### What to work on
You are asked to repeat the listing word for word and to leave out its pictures.

### Provided data
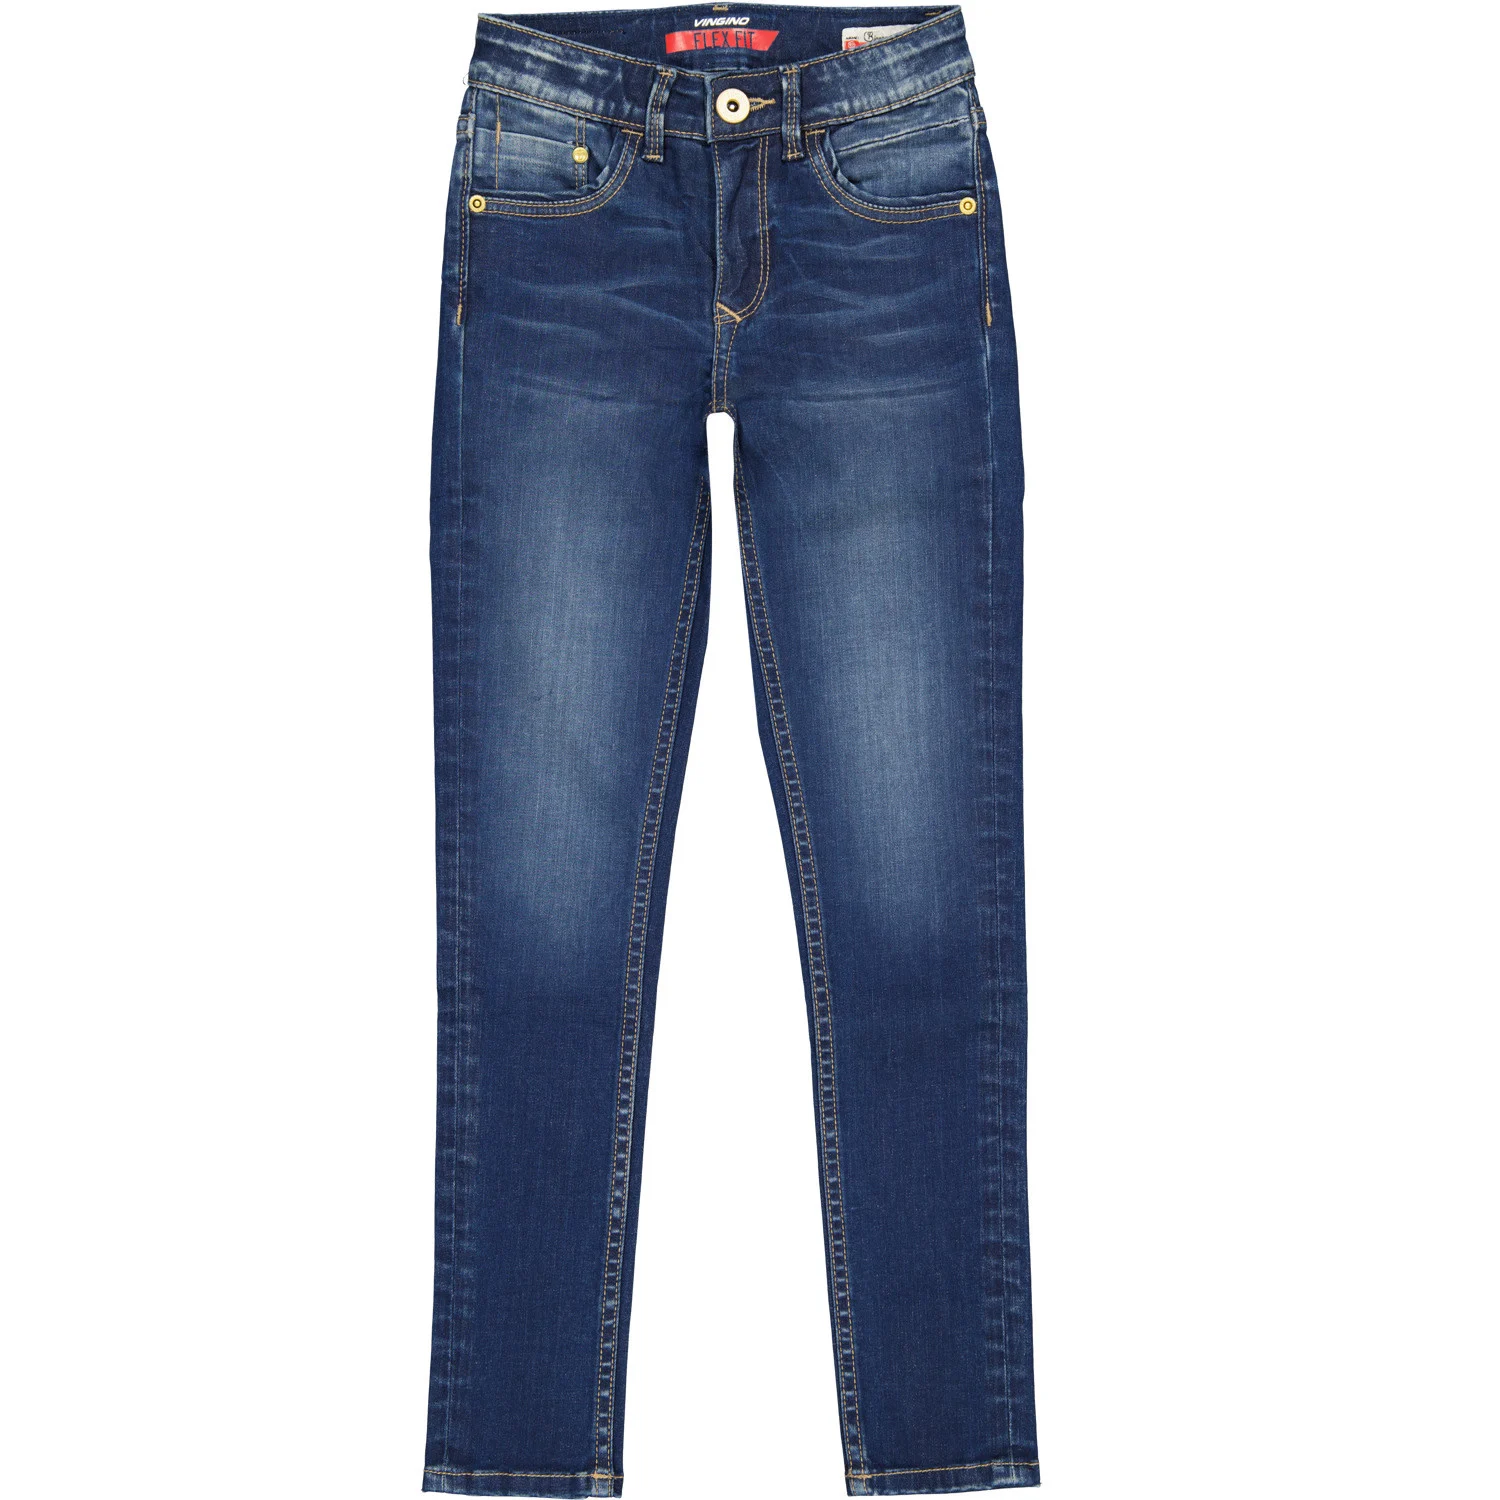 Afbeelding van Vingino Meiden jeans super skinny flex fit bianca deep dark
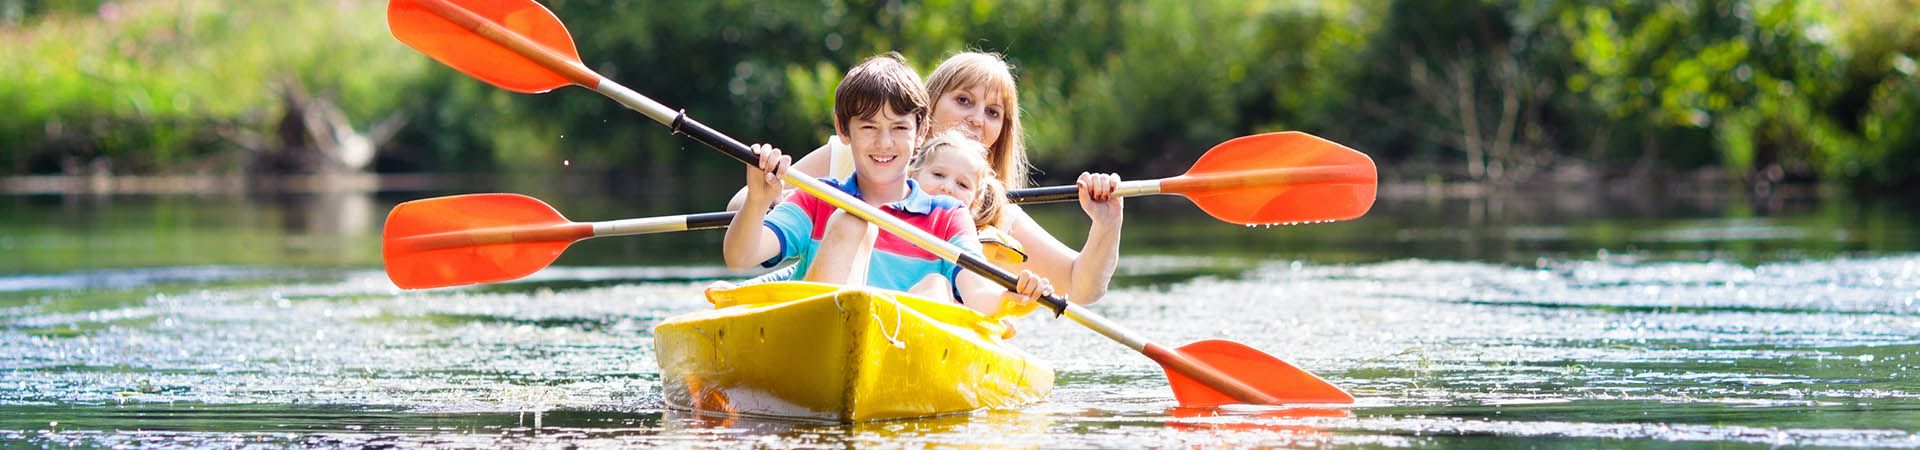 Sortie en famille : des enfants et leurs parents font une excursion d’une journée en kayak.
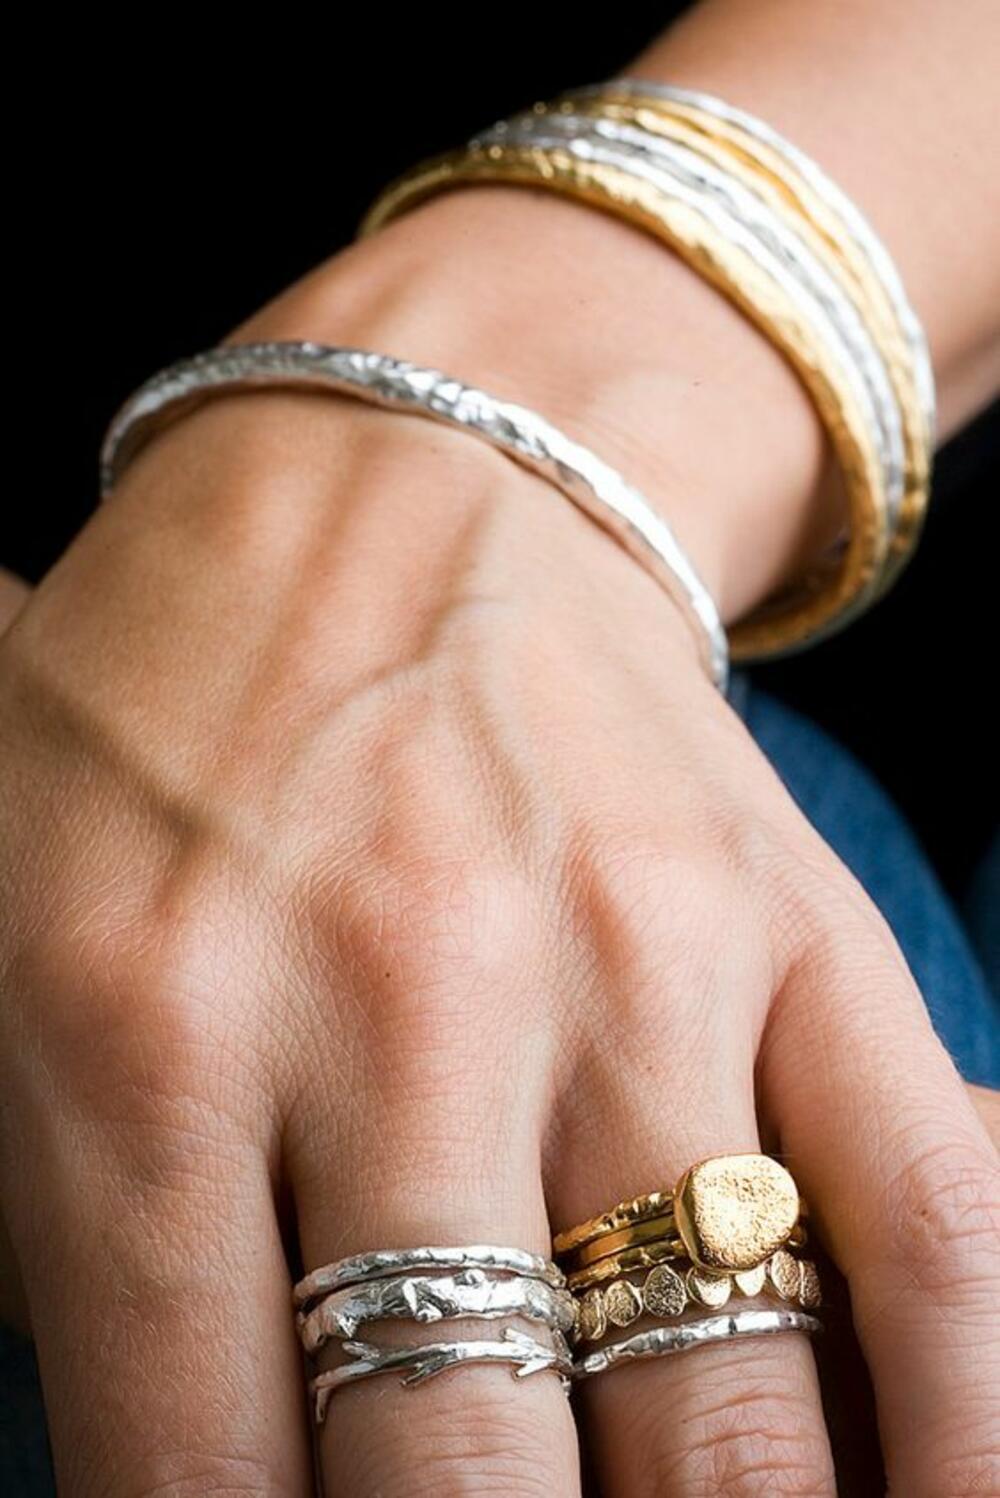 Золото и серебро ком. Сочетание золота и серебра. Кольцо на руке. Золотые и серебряные кольца на одной руке. Стильные ювелирные украшения из золота.

### Response to the exercise
 Afbeelding van Vingino Meiden jeans super skinny flex fit bianca deep dark
 Sortie en famille : des enfants et leurs parents font une excursion d’une journée en kayak.
 Золото и серебро ком. Сочетание золота и серебра. Кольцо на руке. Золотые и серебряные кольца на одной руке. Стильные ювелирные украшения из золота.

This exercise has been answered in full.